Suicide, d’Edouard Levé

Quand on s’apprête à lire un livre intitulé Suicide, on peut déjà ressentir quelque appréhension, mais quand on sait en plus que l’auteur de ce livre s’est suicidé à peine quelques jours après avoir porté le manuscrit à son éditeur, on peut éprouver de réelles réticences et redouter une lecture éprouvante qui mettrait nos esprits et nos nerfs à rude épreuve.
Pour ma part, j’avais acheté Suicide d’Edouard Levé il y a peut-être cinq ou six ans, et j’en repoussais toujours la lecture, redoutant justement un récit très noir, un désespoir qui s’étalerait dans toute sa crudité, la sincérité d’un homme qui n’a plus rien à perdre. Du même auteur, j’avais cependant déjà lu Autoportrait, qui date me semble-t-il de 2004, et que j’avais plutôt apprécié, et dont je m’étais dit qu’il était peu enclin aux épanchements et qu’il savait trouver un ton original pour aborder les sujets intimes, voire risqués.
J’ai donc finalement profité de mes dernières vacances pour lire ce livre, entre une promenade en bord de mer et un verre en terrasse, ayant envie d’affronter ce sujet morbide avec toute l’ouverture et la détente nécessaires.

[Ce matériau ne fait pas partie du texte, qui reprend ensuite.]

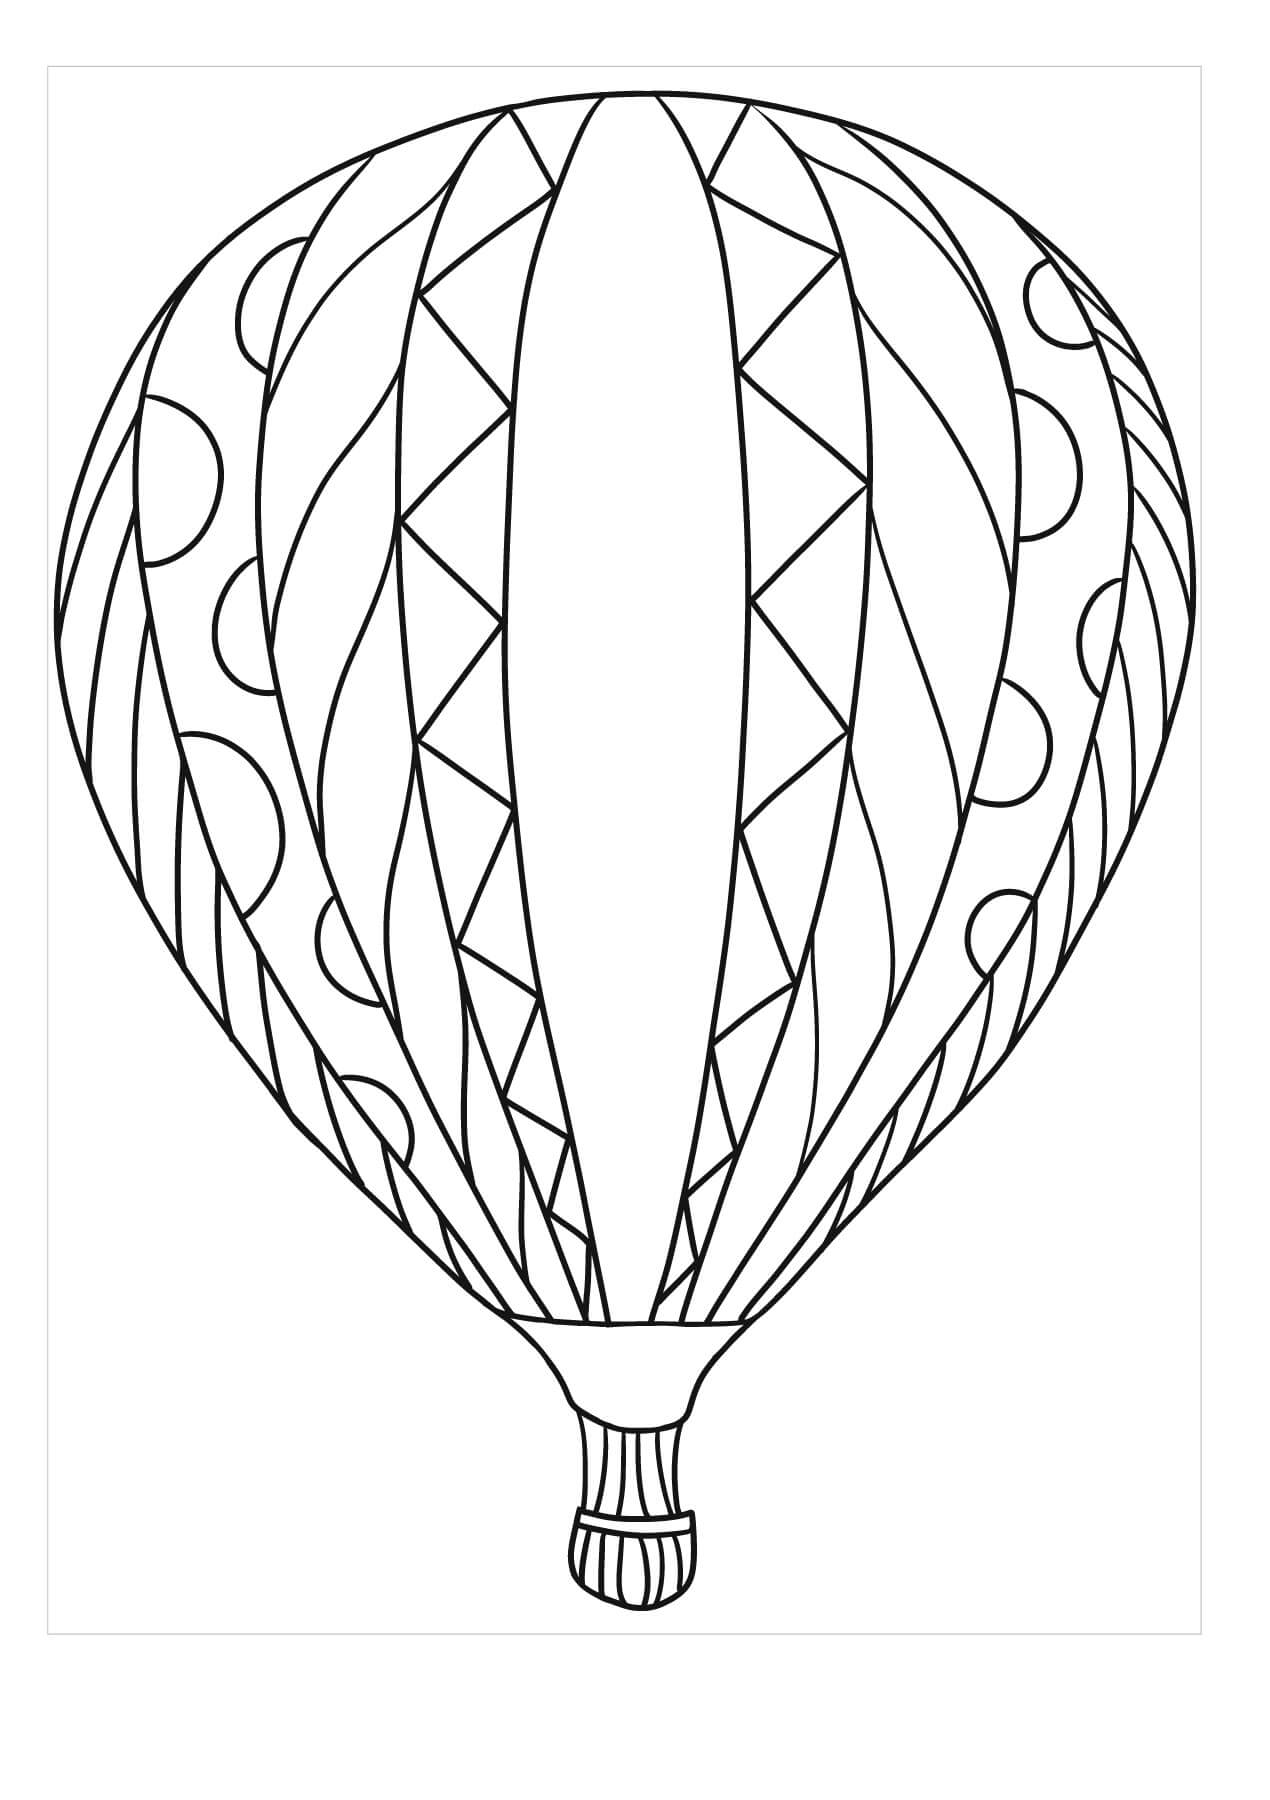 Balão de ar Quente Adulto para colorir

Que vous dirai-je de cette lecture ?
– Que le livre est court et vite lu.
– Qu’il prend pour prétexte le suicide d’un de ses amis quelques vingt ans plus tôt pour dresser en creux son propre portrait, ce dont on peut se rendre compte facilement car on retrouve dans Suicide de grandes ressemblances avec Autoportrait, certains passages quasiment identiques.
– Que le style est plutôt froid, dédramatisé, avec une mise à distance de toute sorte de sentiments, comme si l’auteur voulait se cacher derrière une façade lisse et acceptable.
– Que les idées sont intelligentes et brillantes, subtilement formulées, l’auteur mettant le doigt sur les étrangetés et bizarreries de l’existence, avec une acuité qui emporte je crois l’adhésion du lecteur.
– Qu’on sent, surtout dans les premières pages du livre, une véritable fascination de l’auteur pour le suicide, pour l’image que les vivants ont des suicidés, davantage que pour la mort proprement dite, ce qui crée un effet très dérangeant, que je ne crois pas avoir déjà ressenti par rapport à d’autres livres.
– Que ce livre ne répond pas du tout aux grandes questions existentielles (par exemple « Pourquoi mourir ? » ou « Qu’est-ce qui peut justifier un tel acte ? ») qui, précisément, auraient pu m’intéresser, mais peut-être s’agit-il de questions trop épineuses, voire insolubles.
– Que ce livre se termine par une suite de tercets qui, malgré leur forme et leur caractère poétiques, se révèlent un peu systématiques et lassants et me paraissent finalement moins poétiques que toutes les pages qui précèdent.

Voici un extrait :

Ta vie fut une hypothèse. Ceux qui meurent vieux sont un bloc de passé. On pense à eux, et apparaît ce qu’ils furent. On pense à toi, et apparaît ce que tu aurais pu être. Tu fus et tu resteras un bloc de possibilités.
Ton suicide fut la parole la plus importante de ta vie, mais tu n’en cueilleras pas les fruits.
Es-tu mort puisque je te parle ?
Si tu vivais encore, serions-nous amis ? Je fus plus lié à d’autres garçons. Mais le temps m’a séparé d’eux sans que je m’en aperçoive. Il suffirait d’un coup de téléphone pour renouer. Aucun de nous ne risque la désillusion des retrouvailles.
Ton silence est devenu une éloquence. Mais eux, qui peuvent encore parler, ils restent silencieux. Je ne repense plus à eux, dont je fus si proche. Mais toi, autrefois lointain, distant et ténébreux, tu rayonnes à présent près de moi. (…)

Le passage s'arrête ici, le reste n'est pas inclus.